In Venezuela during CAP II the press ran rampant with attacks against the president, sowing the eventual coup and rise of Chávez. The lack of an ample relationship of mutual respect and trust was part of the problem, but CAP’s intention to change the command economy into a market economy fueled the animosity driving such attacks. Even so, his government did not attack members of the press in the manner of oppressive tyrannies. Certainly not in the way Chávez would later, choking it economically, accusing it of lying, inciting persecution of journalists, crowding out information airwaves, and outright closing of media outlets. Not to mention sponsoring propaganda and partisan outlets to spread the government’s view on its enemies: an opposition by “scrawnies” intent on nullifying the regime.

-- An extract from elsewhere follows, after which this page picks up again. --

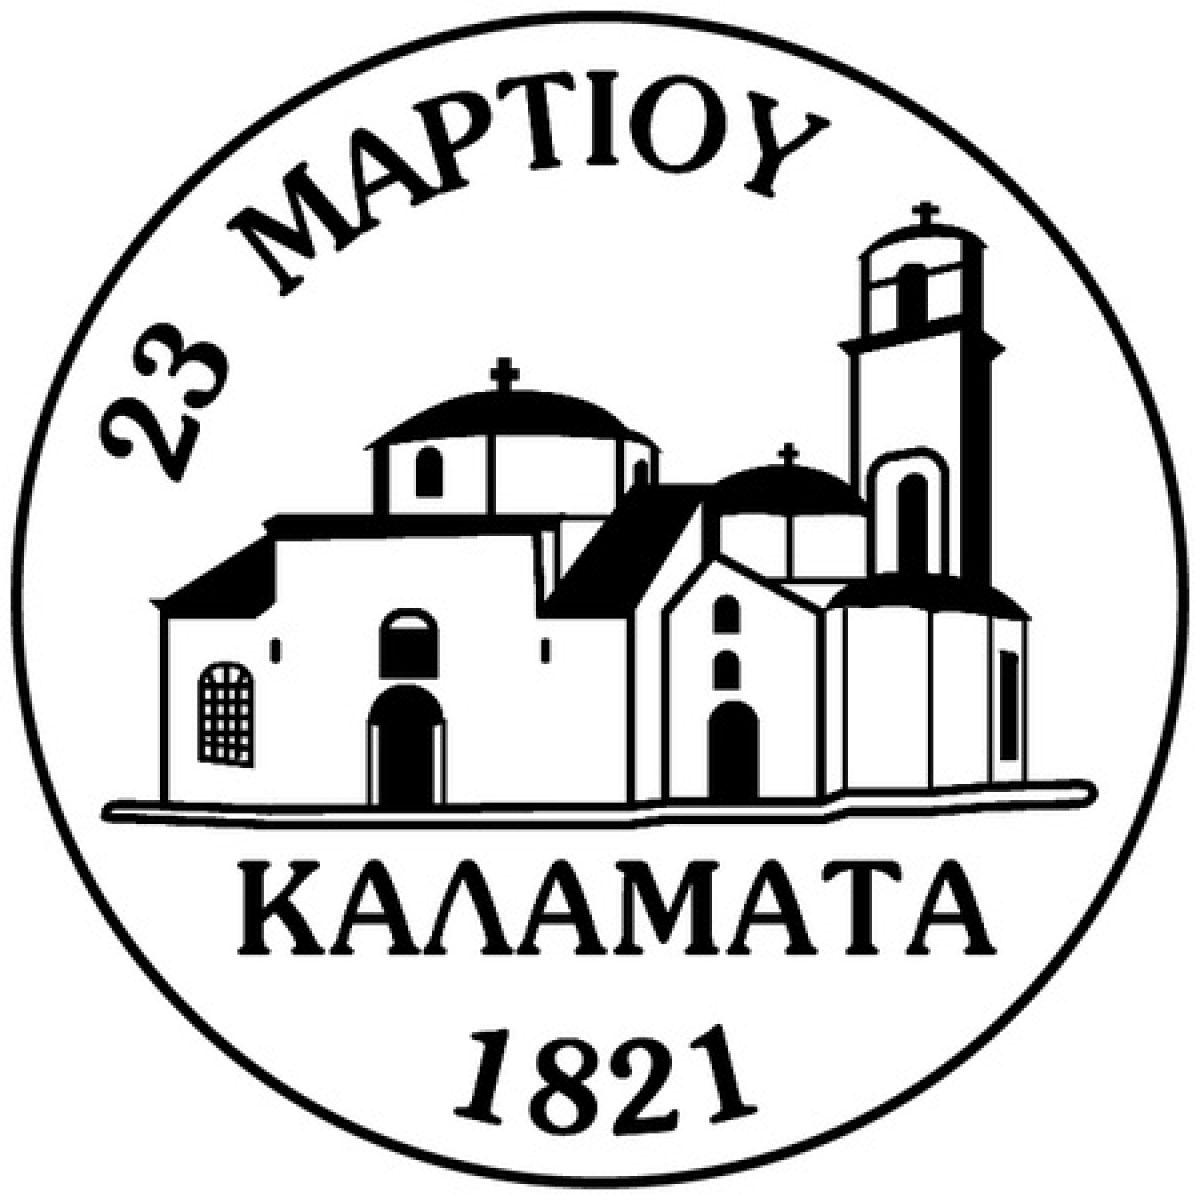 ΠΑΡΑΤΑΣΗ Πανελλήνιου Αρχιτεκτονικού Διαγωνισμού Ιδεών με τίτλο «Επανασχεδιασμός της οδού 23ης Μαρτίου με σκοπό την ενοποίηση του ιστορικού και εμπορικού κέντρου της πόλης της Καλαμάτας»
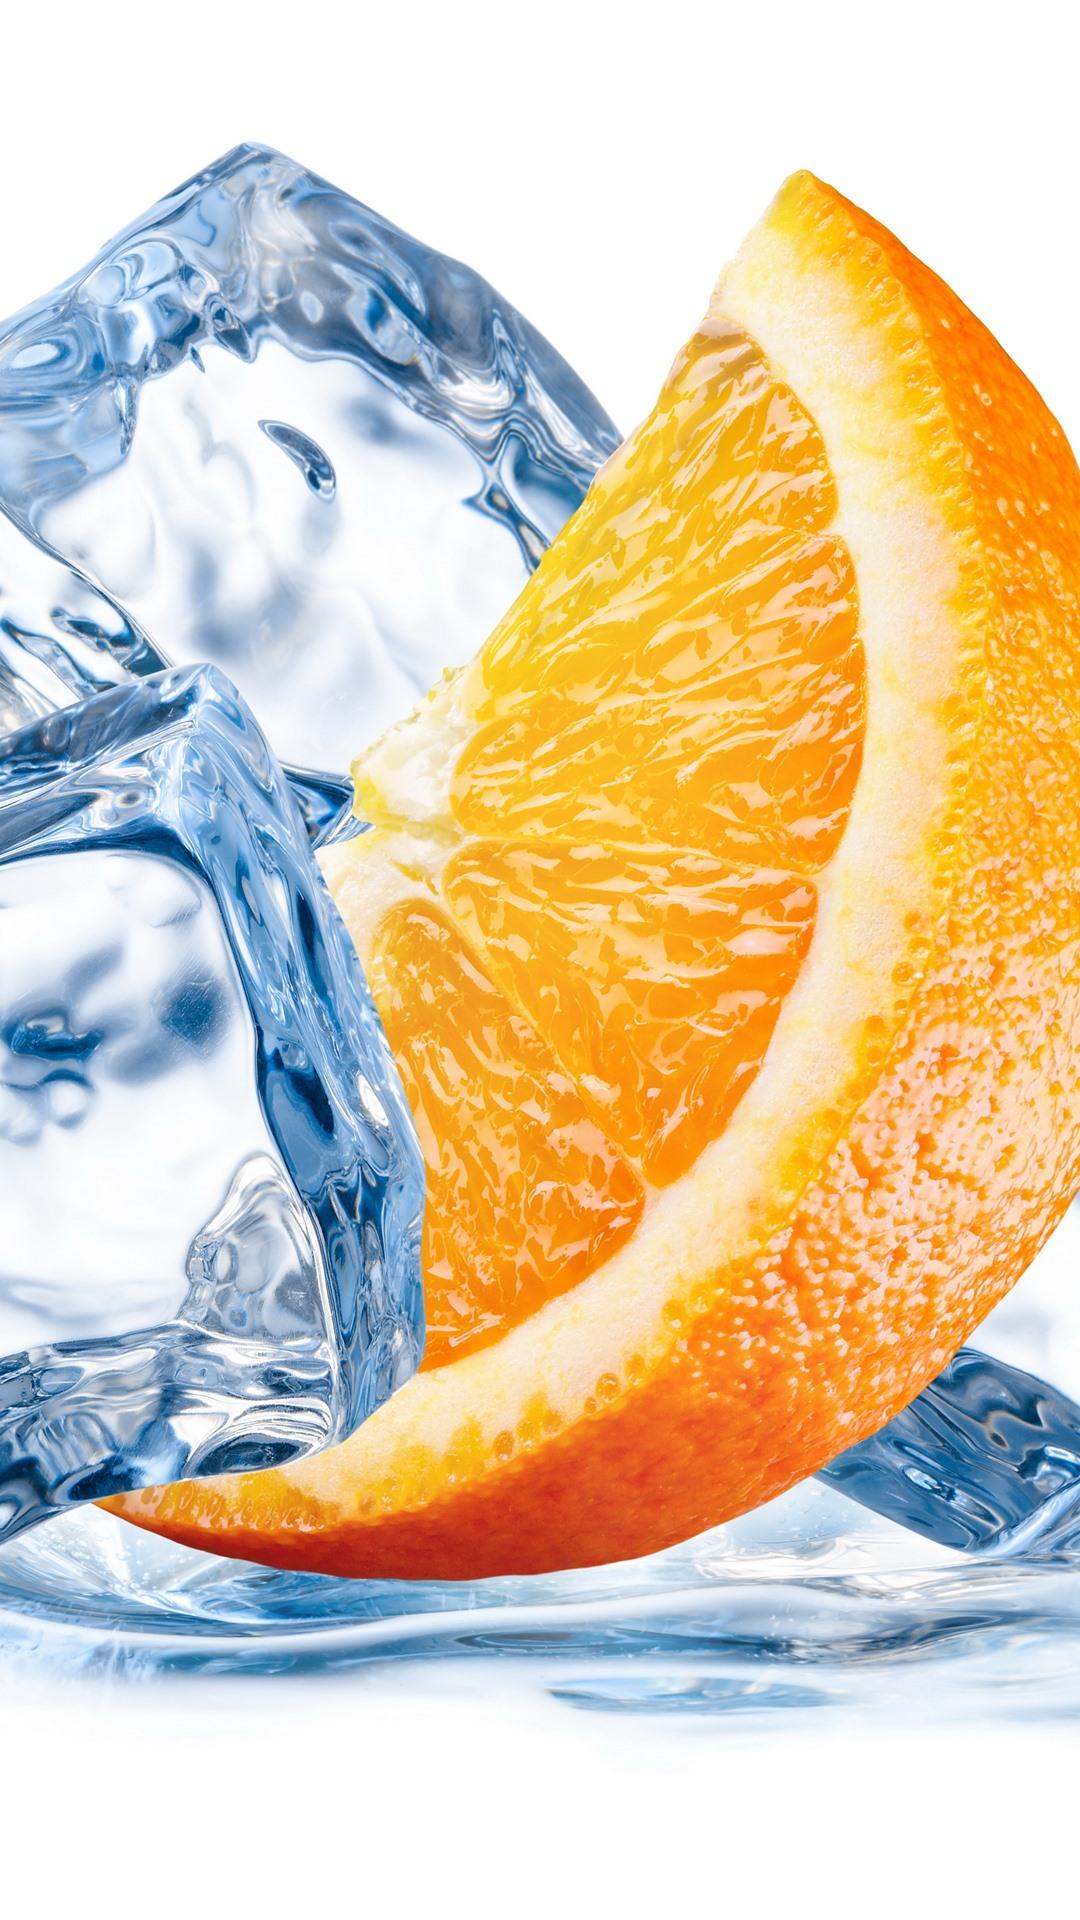 отмечают, что апельсин и лед мир фотообоев сделать

Populism relies on grievances, offering a redress to those grievances by scapegoating a perceived weak group which is blamed for the people’s woes. It is based on a sectarian mindset that feeds animosity. In an interview I gave to the Brazilian magazine Crusoé, I exemplify this common trait between populists in Venezuela, Cuba, México and Bolivia where the president’s opponents are branded to cleave society as escuálidos (scrawnies), gusanos (worms), fifís (fussies) and colonialistas internos (internal colonialists). Such labeling to dehumanize the opposition and separate it from the mainstream has its lexicon cousin in ethnic and anti-Semitic epithets, and feeds on the same base emotions. The Chávez regime was eventually successful in making "adeco," the name given to those affiliated to President Pérez's party (Accion Democrática), into a common slur.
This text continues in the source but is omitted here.